**Work item:** When the string "Nike" occurs in a line of the listing below, return that line.

======== Record set ========

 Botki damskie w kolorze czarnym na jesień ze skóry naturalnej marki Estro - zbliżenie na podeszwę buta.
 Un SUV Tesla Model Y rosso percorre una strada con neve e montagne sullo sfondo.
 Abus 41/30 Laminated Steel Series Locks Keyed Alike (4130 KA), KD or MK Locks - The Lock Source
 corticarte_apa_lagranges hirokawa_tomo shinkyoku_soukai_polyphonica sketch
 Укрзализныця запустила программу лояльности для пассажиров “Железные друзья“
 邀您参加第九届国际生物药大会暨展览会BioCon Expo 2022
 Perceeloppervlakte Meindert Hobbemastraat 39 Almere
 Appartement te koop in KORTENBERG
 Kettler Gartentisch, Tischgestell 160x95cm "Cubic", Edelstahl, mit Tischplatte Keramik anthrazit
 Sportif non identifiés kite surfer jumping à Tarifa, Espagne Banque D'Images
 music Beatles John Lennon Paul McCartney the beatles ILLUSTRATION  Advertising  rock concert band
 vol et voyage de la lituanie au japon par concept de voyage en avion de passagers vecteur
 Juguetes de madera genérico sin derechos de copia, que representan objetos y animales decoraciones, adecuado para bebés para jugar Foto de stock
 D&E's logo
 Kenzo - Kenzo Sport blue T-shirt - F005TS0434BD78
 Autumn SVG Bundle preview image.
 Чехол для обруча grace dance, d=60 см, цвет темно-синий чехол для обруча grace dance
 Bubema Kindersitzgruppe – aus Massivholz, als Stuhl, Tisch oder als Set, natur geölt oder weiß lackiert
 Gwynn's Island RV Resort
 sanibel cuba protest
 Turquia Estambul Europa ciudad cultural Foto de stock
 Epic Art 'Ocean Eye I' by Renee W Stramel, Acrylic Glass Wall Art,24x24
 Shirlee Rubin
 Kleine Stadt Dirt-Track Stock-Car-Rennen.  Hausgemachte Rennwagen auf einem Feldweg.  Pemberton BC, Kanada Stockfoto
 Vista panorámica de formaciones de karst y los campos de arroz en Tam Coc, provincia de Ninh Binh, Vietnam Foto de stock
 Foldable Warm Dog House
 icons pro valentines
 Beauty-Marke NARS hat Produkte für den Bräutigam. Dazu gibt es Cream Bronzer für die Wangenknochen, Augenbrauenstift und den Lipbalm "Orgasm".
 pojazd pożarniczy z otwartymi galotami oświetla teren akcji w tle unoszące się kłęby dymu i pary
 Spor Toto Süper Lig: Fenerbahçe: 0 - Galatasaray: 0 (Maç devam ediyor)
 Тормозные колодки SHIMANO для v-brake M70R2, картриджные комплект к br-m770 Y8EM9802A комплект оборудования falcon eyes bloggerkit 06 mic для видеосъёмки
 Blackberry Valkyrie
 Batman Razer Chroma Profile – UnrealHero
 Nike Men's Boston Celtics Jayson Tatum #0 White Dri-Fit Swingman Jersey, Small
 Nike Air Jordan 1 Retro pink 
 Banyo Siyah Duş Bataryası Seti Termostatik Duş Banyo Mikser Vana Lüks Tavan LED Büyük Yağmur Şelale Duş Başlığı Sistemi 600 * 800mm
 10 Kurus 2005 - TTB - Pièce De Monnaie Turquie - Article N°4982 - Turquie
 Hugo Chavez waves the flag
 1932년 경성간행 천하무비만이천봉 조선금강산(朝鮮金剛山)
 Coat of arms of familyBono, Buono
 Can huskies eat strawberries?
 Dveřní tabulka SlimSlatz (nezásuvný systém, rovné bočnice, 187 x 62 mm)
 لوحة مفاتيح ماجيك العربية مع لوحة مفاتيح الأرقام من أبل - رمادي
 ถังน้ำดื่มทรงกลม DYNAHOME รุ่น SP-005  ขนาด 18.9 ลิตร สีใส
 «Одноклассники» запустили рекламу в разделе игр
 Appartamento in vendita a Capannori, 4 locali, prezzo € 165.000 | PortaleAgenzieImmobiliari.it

========

**Output for this task:**
 Nike Men's Boston Celtics Jayson Tatum #0 White Dri-Fit Swingman Jersey, Small
 Nike Air Jordan 1 Retro pink 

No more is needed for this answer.